Но он не погибает. Григорий говорит о его спасении совсем в духе
древнегреческих мифических преданий: два дельфина чудесным образом
спасают Василия и выносят на сушу у берегов Евдома. Спасающий дельфин
известен был в глубокой древности. Геродот рассказывает нечто подобное об
Арионе. Арион с большими богатствами плыл из Сицилии в Коринф. В открытом
море коринфяне хотели выбросить Ариона за борт и завладеть его имуществом.
Арион бросился в море сам; перевозчики поплыли дальше в Коринф, а дельфин
взял Ариона на себя и вынес на Тенар.
Дальнейшая жизнь Василия рассказывается путем передачи отдельных
небольших легенд о нем, которые нередко с большим искусством вплетаются в
рассказы об исторических событиях. Изложение легенд о Василии резко
прерывается рассказом о мытарствах Феодоры. Когда настал момент смерти
Феодоры, прислужницы Василия, к ее ложу явилось множество демонов,
поднявших большой шум, и толпы ангелов в светлых одеждах. Затем пришла
вооруженная разным оружием смерть и стала производить операцию отделения
души от тела, постепенно омертвляя члены тела Феодоры. Наконец, смерть
поднесла Феодоре
95
горькое питье, испив которое, Феодора умирает.
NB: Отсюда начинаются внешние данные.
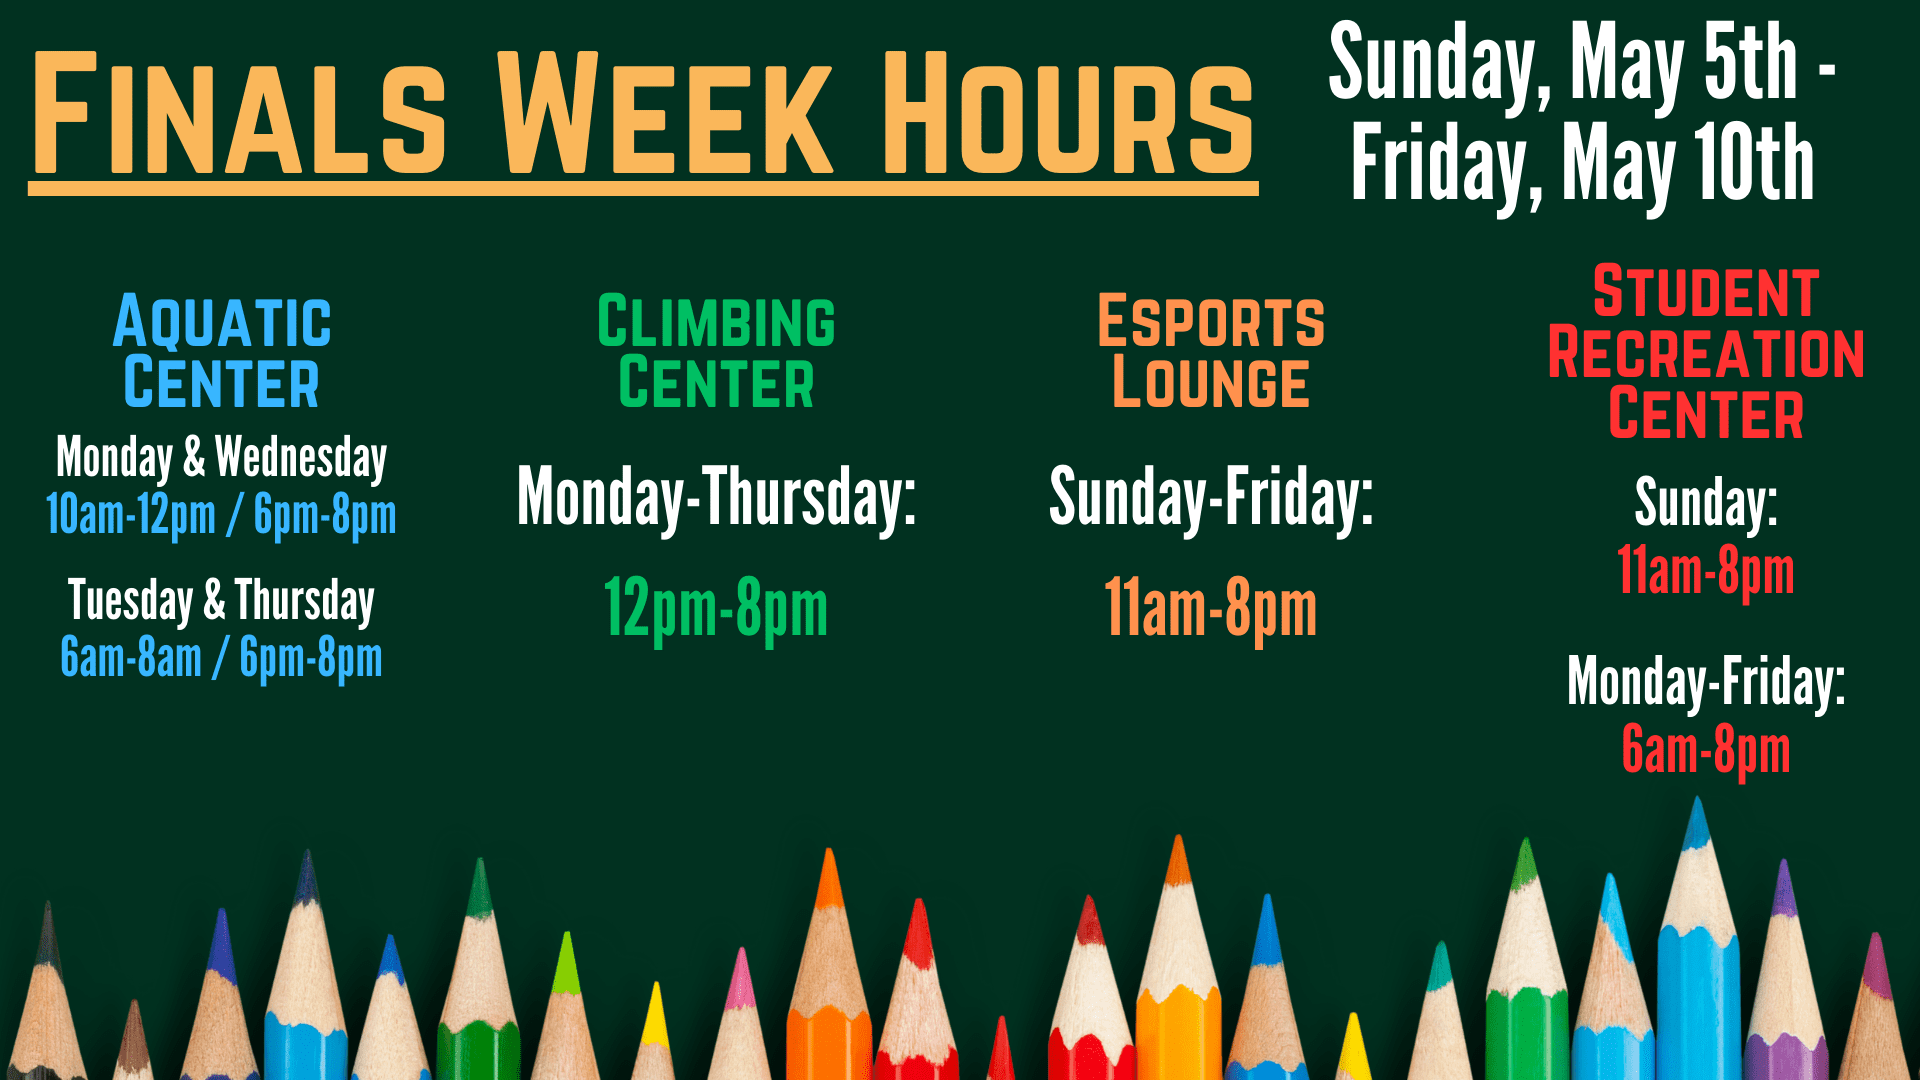 Schedule of campus rec hours during finals week

Из-за души ее начинается спор
между демонами и ангелами, и только появление и заступничество Василия
обеспечили победу ангелов. Василий дает ангелам в виде золота свои заслуги
перед богом для того, чтобы этой своеобразной валютой заплатить пошлины за
грехи Феодоры при переходе ее души от одного мытарства к другому. Так душа
Феодоры проходит 21 мытарство.
Эпизод мытарств Феодоры очень интересен как один из примеров
культовой традиции в христианстве: он — отзвук египетского культа Озириса.
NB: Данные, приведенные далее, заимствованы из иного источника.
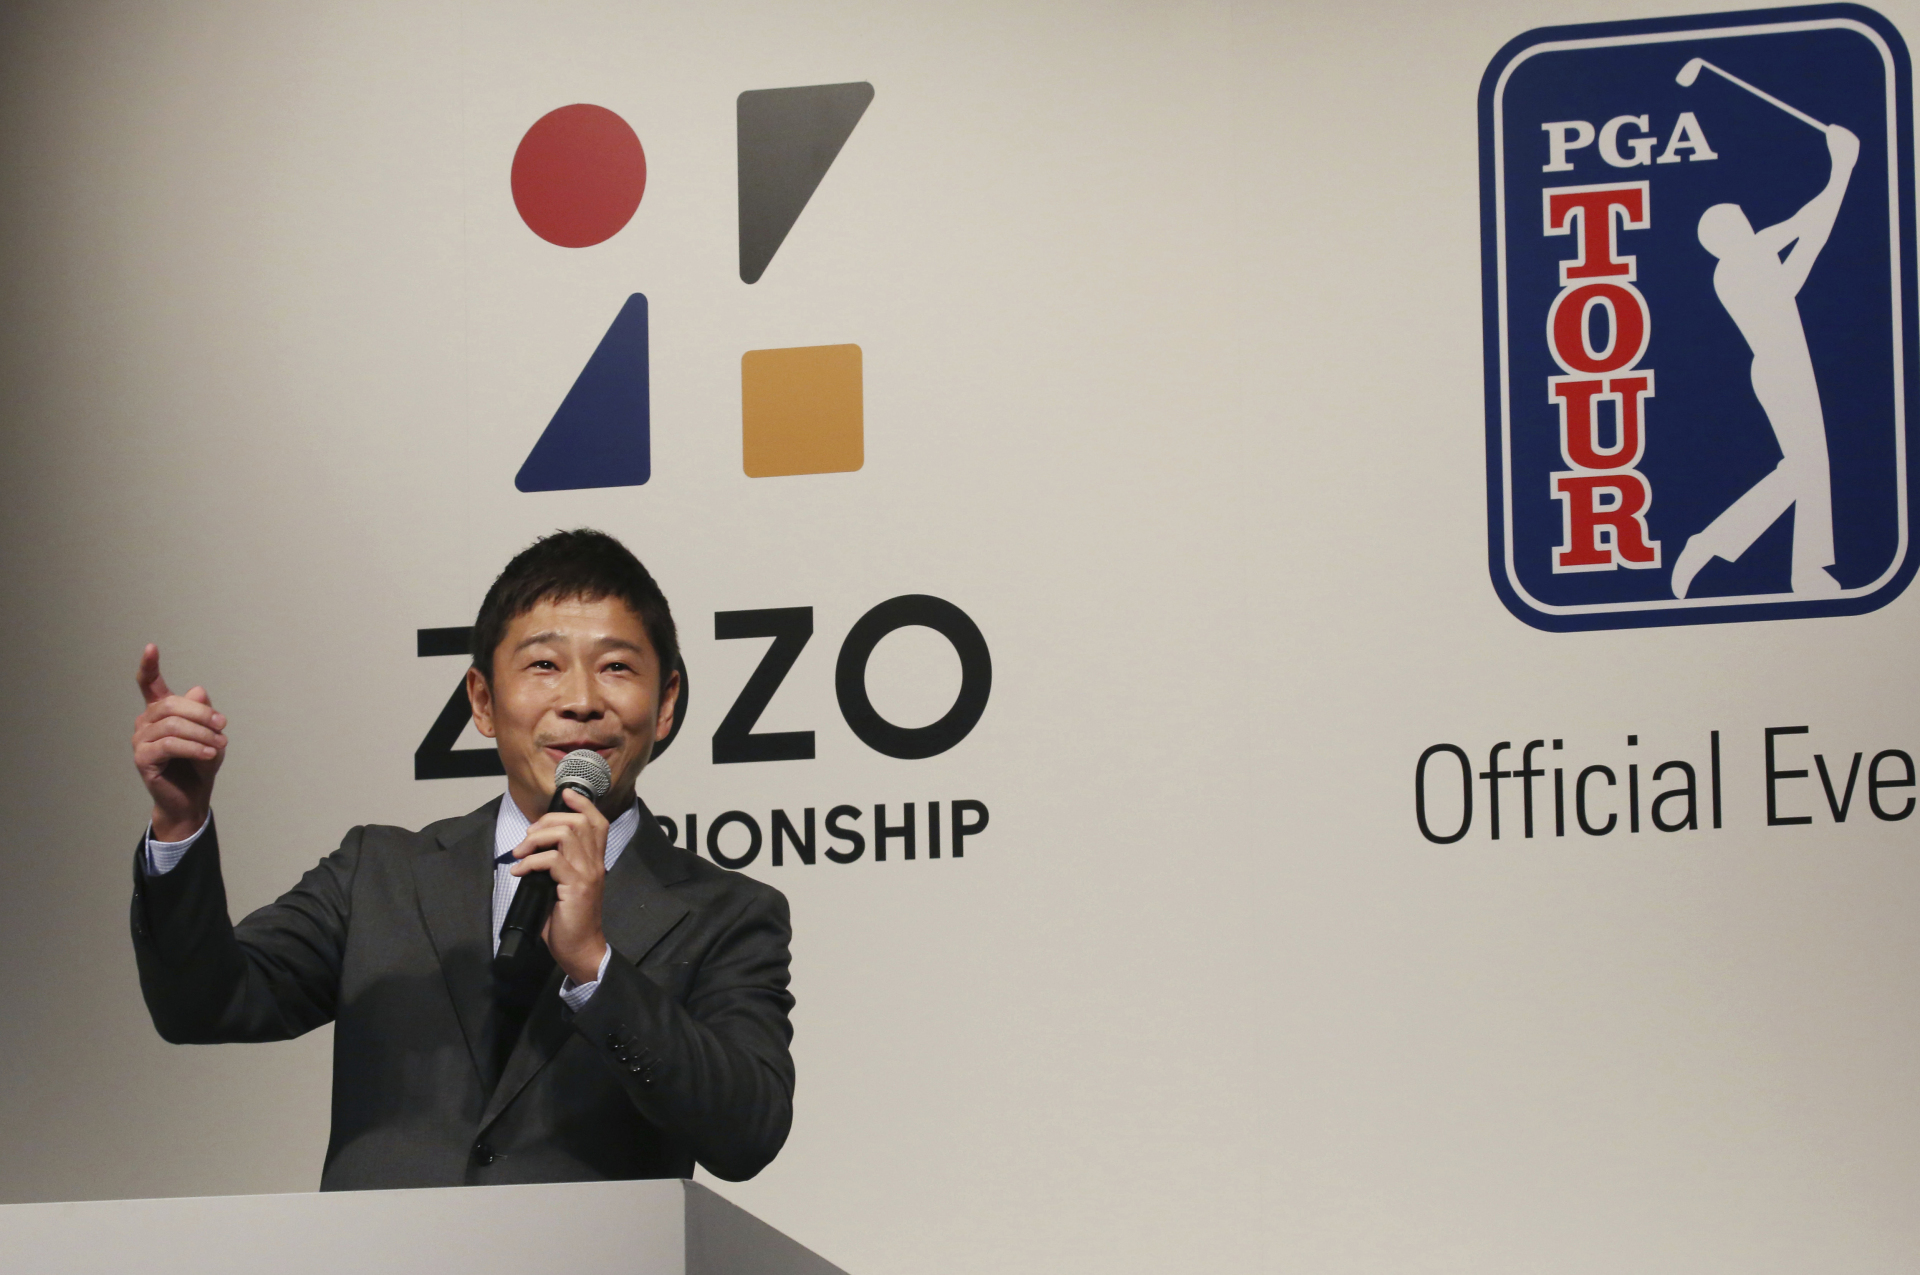 Nhật Bản trở thành điểm đến tiếp theo của PGA Tour từ năm 2019

По верованиям египтян, человек после смерти по пути на тот свет встречает
различных страшилищ и зверей и борется с ними. Представ перед Озирисом и 42
заседающими с ним судьями, умерший перед каждым из них оправдывается в
какой-либо вине или грехе: например, одному судье он говорит — я не крал;
другому — я никого намеренно не убил; десятому — я не лгал; двадцать второму
— я не нарушал брака и т. д.
Повествовательная нить жития еще раз прерывается большим
самостоятельным рассказом о «страшном суде». В видении Григорию
открываются картины «страшного суда». Он видит дивный город — горний
Иерусалим; посреди города высокий холм, пламенеющий, как раскаленное
железо; на холме сияющий огненный крест; над крестом вьется белый как снег
голубь, распространяя небесный свет. Затем с высоты, точно молния, спускаются
на огненных крыльях юноши, приготовляют престол судье и сообщают о начале
«страшного суда»; за ними на крылатых огненных конях спускаются с неба
ангелы и со всей земли сгоняют к престолу людей, прельщенных Антихристом;
вслед за этим со страшной высоты спускается архистратиг Михаил с двенадцатью
ангелами; все они в царских одеждах и с золотыми трубами в руках; по
трехкратному звуку их труб восстали умершие из могил, гробниц, рек, лесов,
морей: все они были одного возраста и одного пола, на лицах одних из них были
отмечены преступления, на лицах других — заслуги; здесь были люди всех
вероисповеданий. На облаке к престолу спускается высший судия. Праведники с
просветленными лицами взлетают к нему навстречу на огненных крыльях,
сокрушаются и рыдают грешники; дрожит, как кожа, небо и, как древесный лист,
земля. Посмотрел судия на землю, и земля побежала от взора его очей, и все люди
стояли в воздухе. Страшные огненные ангелы взяли грешников и бросили их в
огненное море, праведники же поселились в новом, принесенном с неба ангелами,
чудном городе. Григорий подробно описывает осуждение грешников, согласно
со своей основной идеей — опровержением иудейской веры: евреи осуждены,
они стоят, предпоследними на лестнице грешников.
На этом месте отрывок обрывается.